Ensuite, il s'approcha du président Masseneau et lui remit un petit objet que celui-ci considéra avec surprise et méfiance.
– Qu'est-ce donc que ceci ?
– C'est une aiguille à ressort, m'sieur, répondit l'enfant sans se troubler. Comme je suis habile de mes mains, c'est moi que mon patron a chargé de fabriquer un objet semblable, dont un moine lui avait fait commande.
– Qu'est-ce encore que cette histoire ? interrogea le magistrat, tourné vers Desgrez.
– Monsieur le président, l'accusation a mentionné, à la charge de mon client, les réactions de celui-ci au cours d'un exorcisme qui aurait eu lieu dans les prisons de la Bastille sous les auspices de Conan Bécher, auquel je me refuse à donner ses titres ecclésiastiques, par respect pour l'Église. Conan Bécher nous a dit qu'à l'épreuve des « taches diaboliques » le prévenu avait réagi d'une façon qui ne laisse aucun doute sur ses relations avec Satan. À chacun des points névralgiques prévus par le rituel de Rome, le prévenu aurait poussé des hurlements à faire frémir les gardiens eux-mêmes. Or je veux faire remarquer que le poinçon avec lequel cette épreuve a été conduite était fabriqué sur le même modèle que celui que vous avez entre les mains. Messieurs, ce faux « exorcisme » sur lequel la cour de justice risque d'appuyer son verdict, a été mené avec un poinçon truqué. C'est-à-dire que, sous une apparence inoffensive, il renfermait une longue aiguille à ressort, qui, déclenchée par un coup d'ongle imperceptible, s'enfonçait au moment voulu dans les chairs. Je défie n'importe quel homme de sang-froid de pouvoir subir cette épreuve sans pousser par instants des hurlements de possédé. L'un de vous, messieurs les jurés, a-t-il le courage d'expérimenter sur lui-même la torture raffinée à laquelle mon client a été soumis, et derrière laquelle on se retranche pour l'accuser de possession certaine ?...

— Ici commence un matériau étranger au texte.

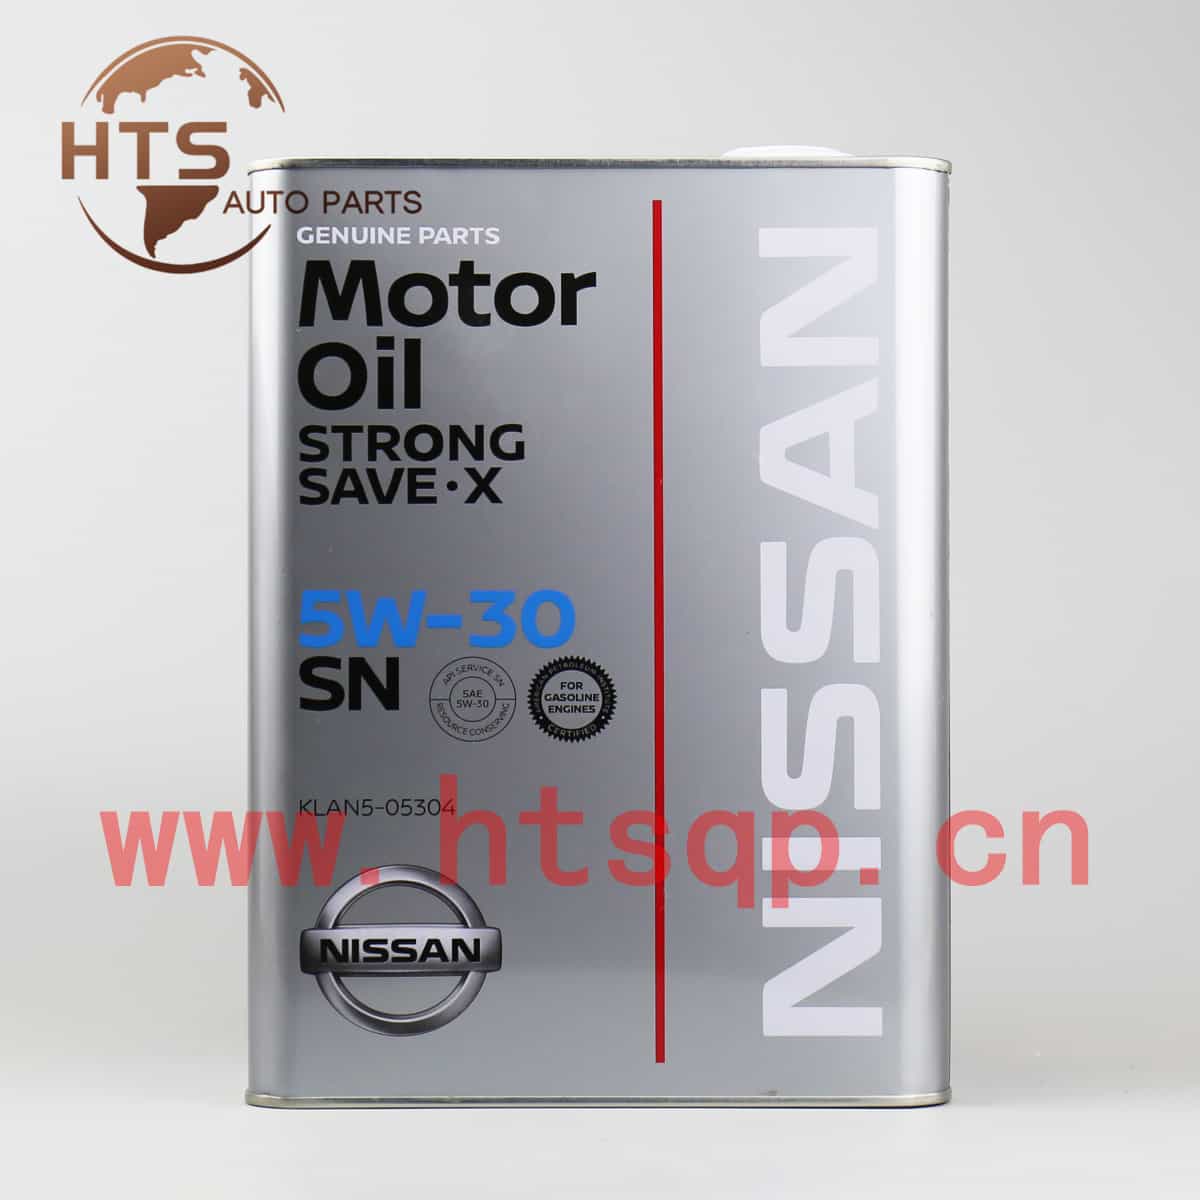 KLAN505304/NISSAN/SN/5W-30/日产/发动机油/KLAN5-05304/4L

Très raide et pâle, Fallot de Sancé se dressa et tendit son bras. Mais Masseneau s'interposa avec impatience :
– Assez de comédie ! Ce poinçon est-il celui-là même avec lequel a eu lieu la séance d'exorcisme ?

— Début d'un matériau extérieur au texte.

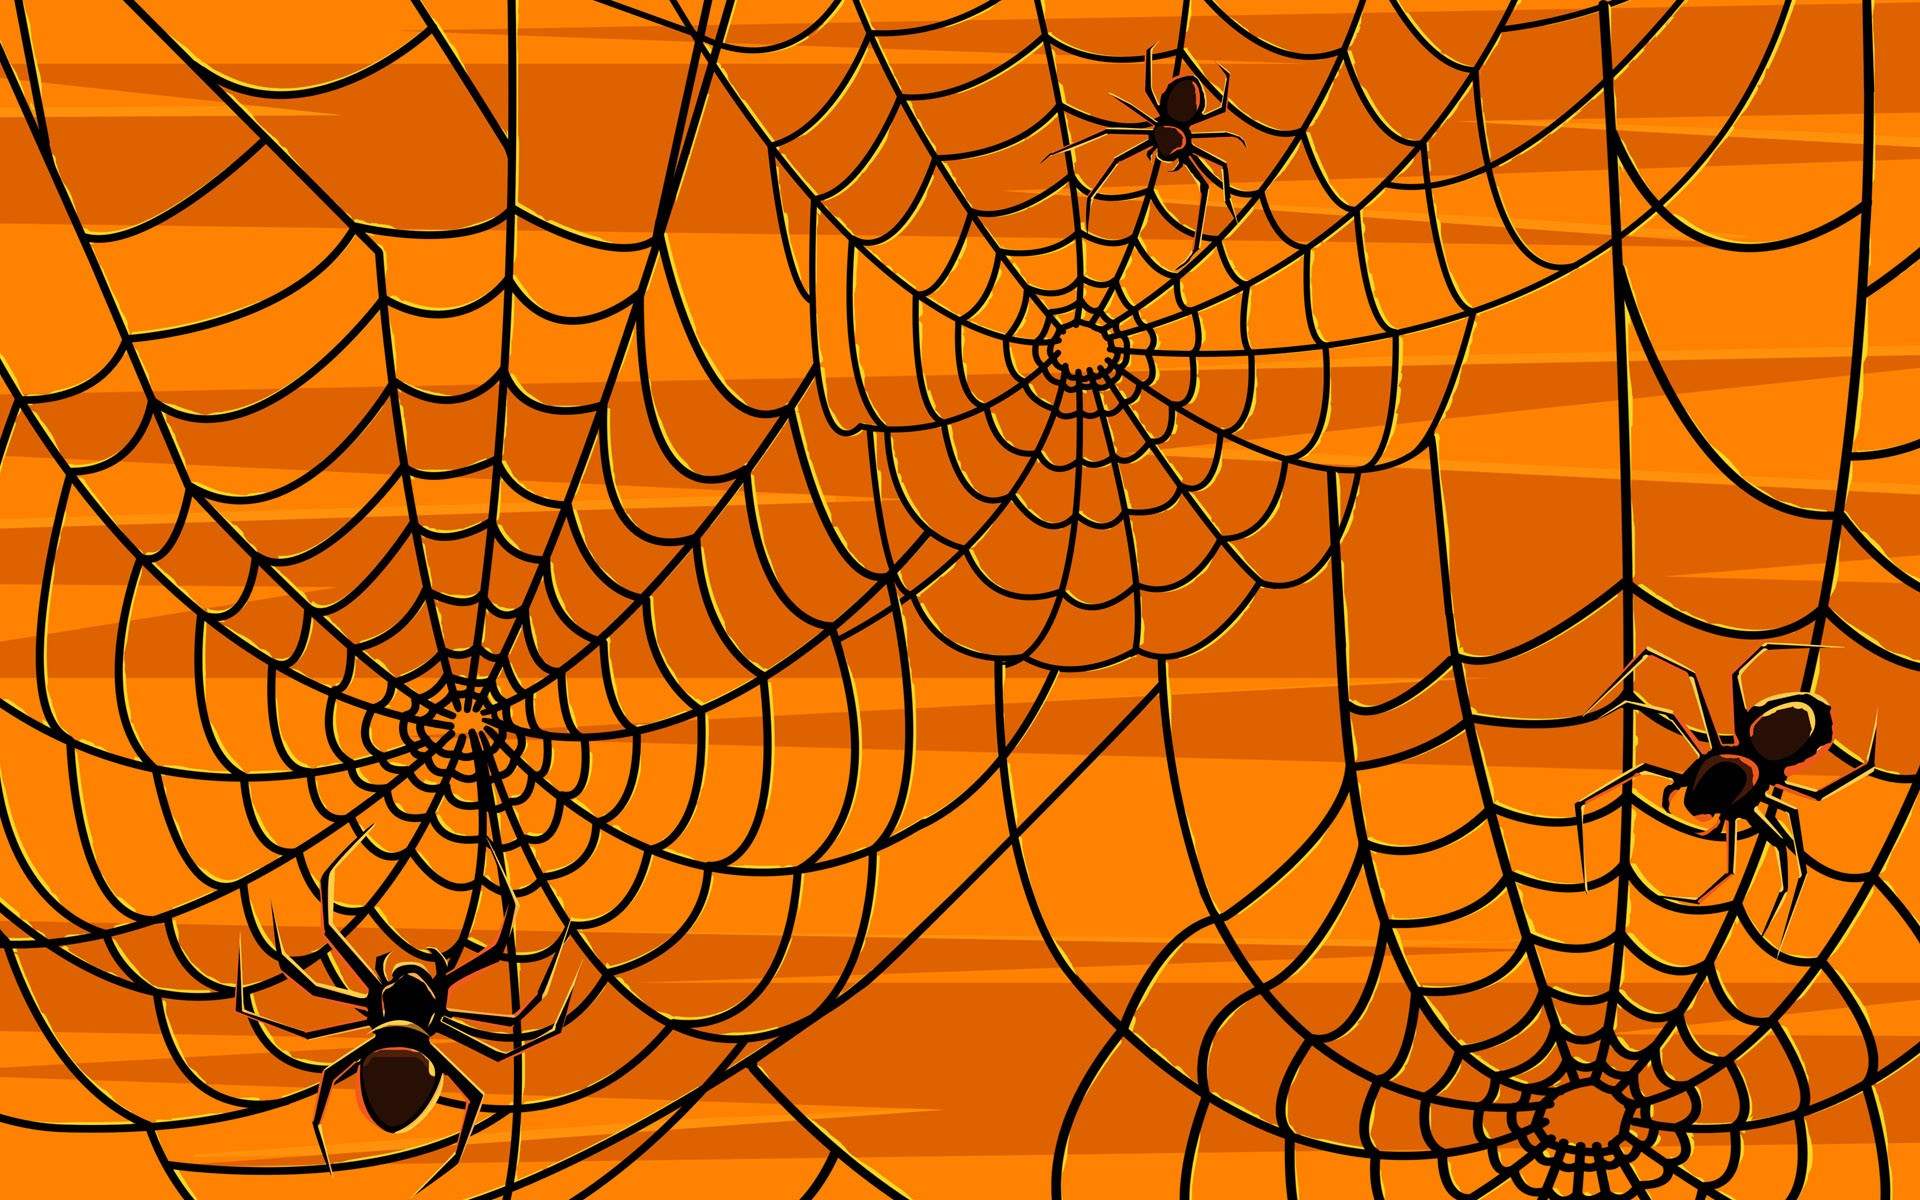 Halloween Spider Wallpapers

– Il en est la copie exacte. L'original a été porté par ce même apprenti, il y a environ trois semaines, à la Bastille, et remis à Bécher. L'apprenti peut en témoigner. À ce moment, le gamin déclencha malicieusement l'instrument et l'aiguille jaillit sous le nez de Masseneau, qui fit un bond en arrière.
– En tant que président de la cour, je récuse ce témoin de dernière heure et qui ne figure même pas sur la première liste du greffier. De plus, c'est un enfant, et son témoignage est donc sujet à caution. Enfin, c'est certainement un témoignage intéressé. Combien t'a-t-on payé pour venir ici ?
– Rien encore, m'sieur. Mais on m'a promis le double de ce que le moine m'avait déjà donné, c'est-à-dire vingt livres.
Masseneau en fureur se tourna vers l'avocat.
– Je vous préviens que, si vous insistez sur l'enregistrement d'un pareil témoignage, je me verrai obligé de renoncer à l'audition des autres témoins à décharge.
Desgrez baissa la tête en signe de soumission, et le gamin s'enfila dans la petite porte du greffe comme s'il avait le diable à ses trousses.
*****
– Faites entrer les autres témoins, ordonna le président sèchement. Il y eut un bruit, comparable au piétinement d'une forte équipe de déménageurs. Précédé de deux sergents, un curieux cortège apparut. Il y avait d'abord plusieurs débardeurs des Halles, suants et débraillés, qui portaient des colis de formes étranges, dont on voyait dépasser des tuyaux de fer, des soufflets de forge et autres objets bizarres. Puis venaient deux petits Savoyards traînant des paniers de charbon de bois et des pots de grès pourvus d'étiquettes étranges.